En 2017, le macronisme a pu incarner un espoir, après l’épuisement successif des gouvernements de droite et de gauche. Sept ans plus tard, l’espace central a pris l’allure d’une citadelle assiégée que le chef de l’Etat tente de défendre coûte que coûte en se servant de la seule arme qui lui reste : la dramatisation. De la conférence de presse qu’Emmanuel Macron a tenue mercredi 12 juin, trois jours après sa décision de dissoudre l’Assemblée nationale à la suite d’élections européennes catastrophiques pour la majorité présidentielle, émerge l’appel au sursaut, assorti d’une violente charge contre les extrêmes.
L’attaque ne vise plus exclusivement le Rassemblement national (RN), mais cible à égalité La France insoumise (LFI), accusée de menacer les valeurs républicaines en flirtant avec l’antisémitisme, le communautarisme, l’antiparlementarisme. L’émergence, à gauche, d’un « front populaire » différent de la Nouvelle Union populaire écologique et sociale, mais encore sous domination LFI, pour faire barrage à l’extrême droite, l’embarras de l’aile sociale-démocrate, l’implosion du parti Les Républicains, dont le président exclu, Eric Ciotti, s’est rallié au Rassemblement national en même temps que Marion Maréchal, la tête de liste de Reconquête !, le conduit à tenter de réimposer un bloc central en renvoyant dos à dos extrême droite et extrême gauche, en invoquant une opération de « clarification » qui ouvre une « bataille des valeurs ».

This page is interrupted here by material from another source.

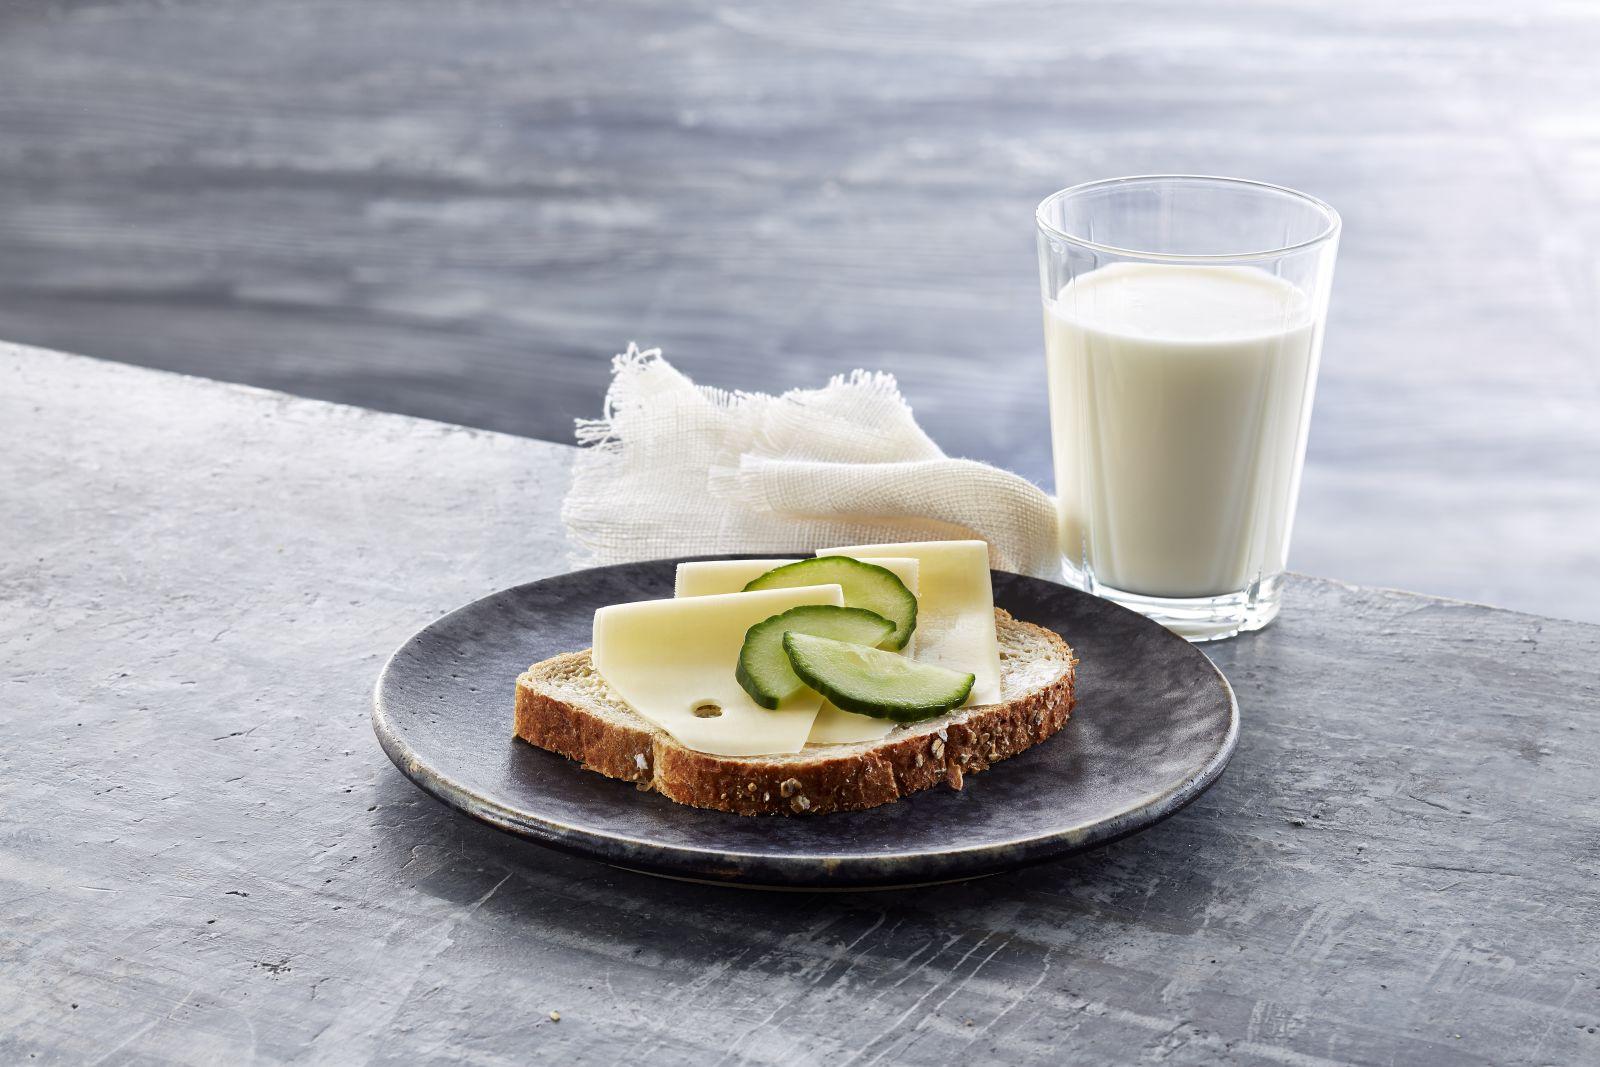 Brødskive med gulost og agurk og et glass melk.

Si Emmanuel Macron n’a pas eu de mal à pointer l’incohérence idéologique des coalitions qui se nouent contre lui, s’il a pu dénoncer le risque de dévissage économique, d’appauvrissement social, de perte d’influence en Europe et dans le monde, la principale difficulté pour lui reste de remobiliser les électeurs qu’il a perdus entre 2017 et aujourd’hui, non seulement parce que sa politique s’est droitisée, mais parce qu’elle a été impuissante à contrer la montée du RN.
Aucun souffle nouveau
Rien, dans les priorités qu’il a confirmées ou les pistes qu’il a esquissées − un grand débat sur la laïcité, l’interdiction des téléphones portables aux enfants de moins de 11 ans, la suppression d’un échelon territorial, l’éventuel abandon des grandes régions − n’est annonciateur d’un souffle nouveau. Atteint par l’usure du pouvoir et l’impopularité, le chef de l’Etat est devenu, à son corps défendant, la énième incarnation d’un camp de la raison qui a prétendu affronter le réel pour mieux résoudre les difficultés, mais s’y est heurté comme les autres. Toutes les astuces invoquées pour tenter de rallumer la disruption − flatter le « peuple souverain », fustiger l’« esprit de défaite des élites », dénoncer les « bricolages d’appareil » n’y peuvent mais.
Le pari risqué de la dissolution est que, au bord de l’abîme, le partage de la contrainte apparaisse comme la moins mauvaise des solutions. Cela suppose, à tout le moins, de savoir tendre la main, écouter, retenir les propositions de ceux qui en formulent pourvu que la direction soit partagée. Acculé, Emmanuel Macron semble s’y résoudre. Il a tendu la main à la droite républicaine et aux sociaux-démocrates. Il a évoqué une « fédération de projets pour gouverner », offre tardive d’une coalition dont l’idée jusqu’à présent le révulsait. Qu’il lui ait fallu sept ans pour comprendre qu’il ne pouvait pas tout tout seul restera sa plus lourde faute.